New Almaden Mercury Mines
The mercury mines of the New Almaden area of San José were in production from the mid 1800's through the 1900's and produced an astounding amount of mercury, much of which was used in gold mining. The tour will include a visit to the New Almaden Quicksilver Mining Museum at Casa Grande, a van tour of the Mine Hill area with County Park Rangers, and a walking tour of the town of New Almaden and its historic buildings.

The mine complex included several smelters over the years. The
van tour
will stop at the ruins of a Gould rotary smelter. The smokestack from
the
older smelter is still standing, but was damaged in the 1987 Loma
Prieta earthquake, and is off limits to visitors.
Mine Hill was also the home of a CCC Camp which is memorialized with a plaque.
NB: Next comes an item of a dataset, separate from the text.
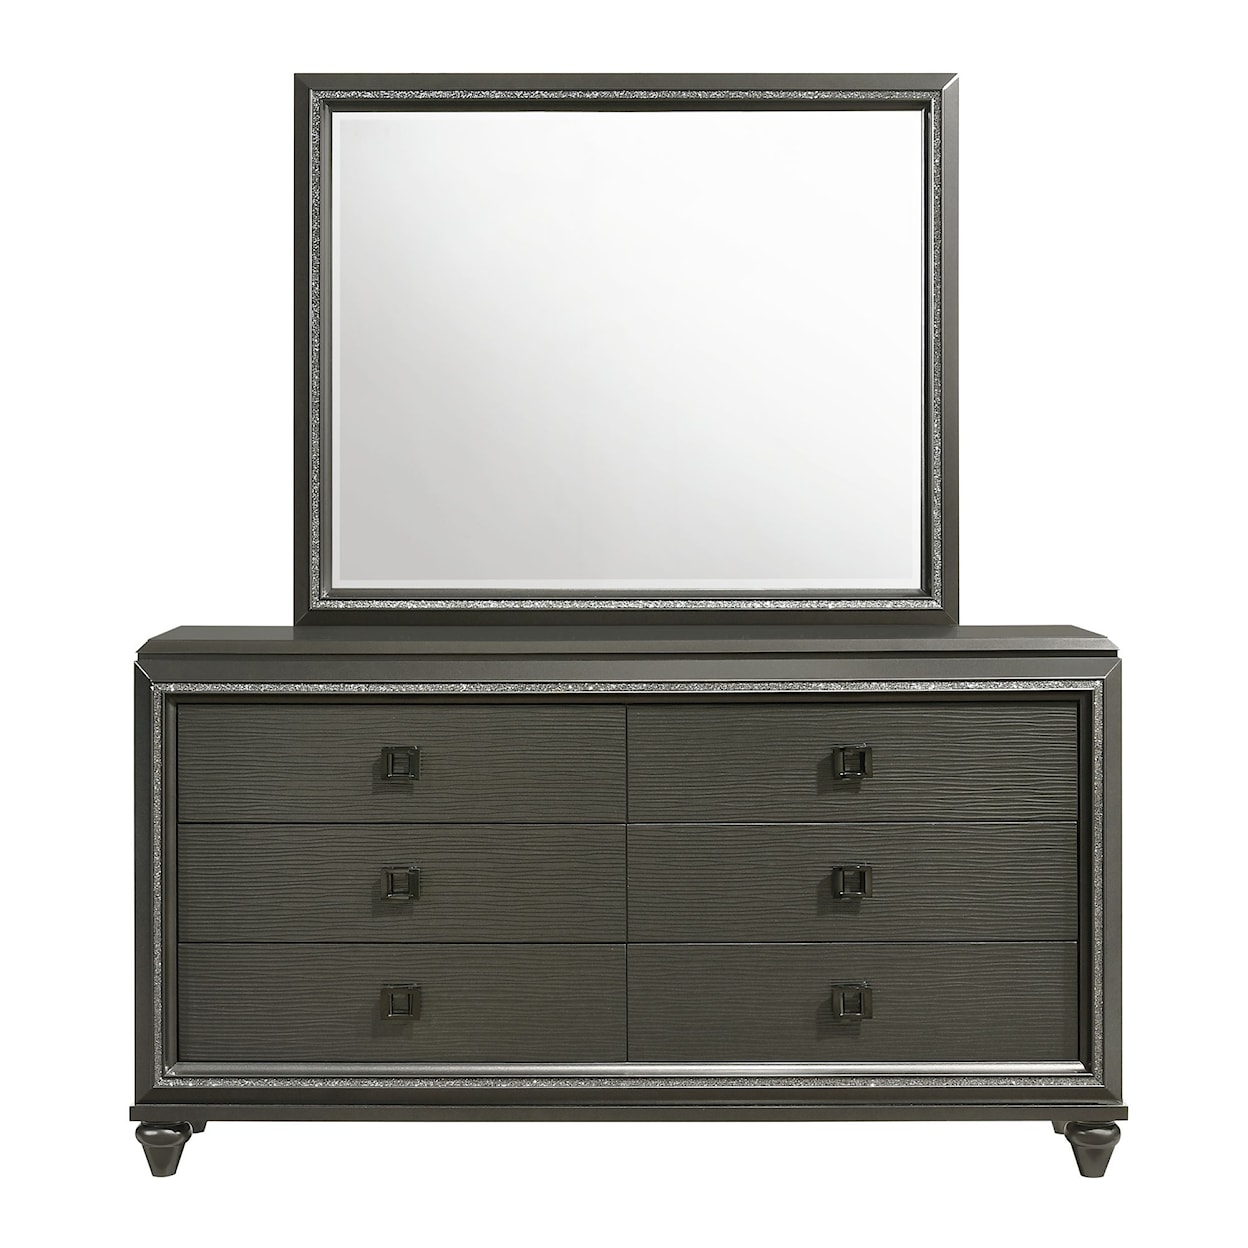 Elements International Moonstone Dresser and Mirror

We'll stop by the entrances to several of the old mines (now sealed for safety reasons), and other historic industrial and mining sites.
The town of New Almaden along the banks of Los Alamitos Creek
housed
the leaders of the mining company, including the mine superintendent in
the Casa Grande. Most of these are now private homes, but we'll walk
around and imagine what this area was like in the mine's heyday.
Here's
the NPS summary of the New Almaden. For a fictional account of life in
New
Almaden and other Western mining towns, the Pulitzer Prize winning, Angle of Repose by
Wallace Stegner is an engrossing read.